Penn State Harrisburg
In the wake of a sizable slump in demand driven by economic downturns, terrorism attacks (especially the events of September 11, 2001) as well as increased competition from low-cost carriers, many incumbent U.S. airlines have been attempting a fundamental restructuring of their operations. Many would argue that a central element in this restructuring should include an overhaul of the labor-management relationship. This paper presents information regarding labor unions in the airline industry of the US, in order to analyze and then summarize main points of how they have impacted and affected this industry overall.

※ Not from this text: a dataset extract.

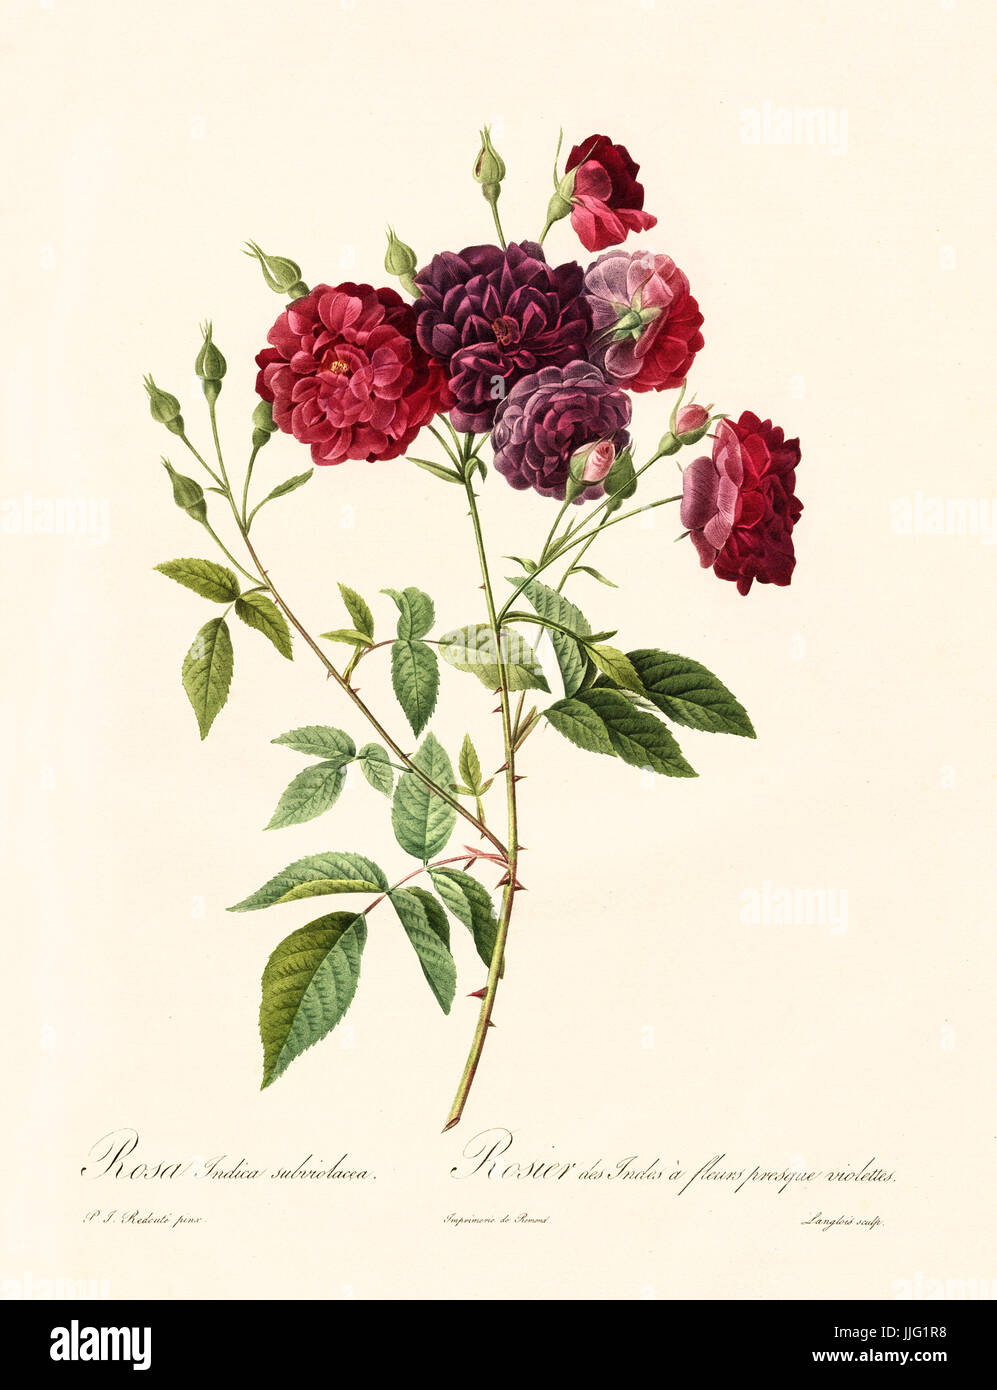 Vecchia illustrazione di rosa indica subviolacea. Creato da P. R. Redoute, pubblicato su Les Roses, Imp. Firmin Didot, Parigi, 1817-24 Foto Stock

1. Overview of the air transportation sector
In spite of many challenges, air travel remains one of the most popular transportation mean in the United States, expanding from 172 million passengers in 1970 to 757 million passengers in 20081 (Bureau labor of statistics, 2000). There were at that time, 19 mainline air carriers that use large passenger jets (more than 90 seats); 67 regional carriers that use smaller piston, turboprop, and regional aircraft (up to 90 seats); and 23 all-cargo carriers1 (Bureau labor of statistics, 2000). Mainline carriers are represented by network carriers, which have their own "hubs” which serve in the most efficient manner the greatest number of passengers and by low-cost carriers, which generally don't have a hub and only offer flights between a limited number of cities. Another type of passenger airline is the regional carrier, that operates short-haul and medium-haul scheduled airline service and connects smaller communities with larger cities and hubs. Cargo can be carried in cargo holds of passenger airlines or on aircraft designed exclusively to carry freight. Cargo carriers in the air transportation industry provide only air transport from an airport near the cargo's origin to an airport near the cargo's destination. Since 2000, the airline industry of the US has been hit from all sides. Thus, since 9/11, air travel has decreased dramatically and the US economy has been mired in a recession. In an effort to increase air travel security, the Federal government has required airlines to pay security taxes and to upgrade security measures, without providing any funds for these critical public safety improvements. The industry has also been hit with skyrocketing fuel and insurance costs. While demand for airline travel has declined, due to the combination of a recession, fears of terrorism and the war with Iraq, airline capacity has not, creating a tremendous overcapacity in the industry. Thirteen airlines have filed for bankruptcy in the past two years, yet there is still overcapacity and all of these factors have contributed to the crisis the industry is in2 (Joan Lowy, 2009). The airline crisis has large implications for the labor movement as a whole, since the aviation industry has one of the highest union densities of any industry in the country.
2. Legal considerations
The industry evolved in a heavily regulated market. The Air Commerce Act of 1926 gave the Department of Commerce regulatory authority over the industry. But most of its efforts were focused on safety. Economic regulation began with the establishment of the Civil Aeronautics Authority in 1938, which later became the Civil Aeronautics Board (CAB). CAB had tight rein on market controls of entry, exit, pricing and routes. CAB set fares based on distance traveled and forbade discounted fares. This left the carriers to compete almost exclusively on service. Airline unions, sensitive to the labor advantages of these regulatory controls, leveraged these protections to insulate their wages and working conditions from market variances and to make inroads into organizing a significant portion of the labor market 6 (Clark, 2002). The Airline Deregulation Act of 1978 lifted the route and pricing...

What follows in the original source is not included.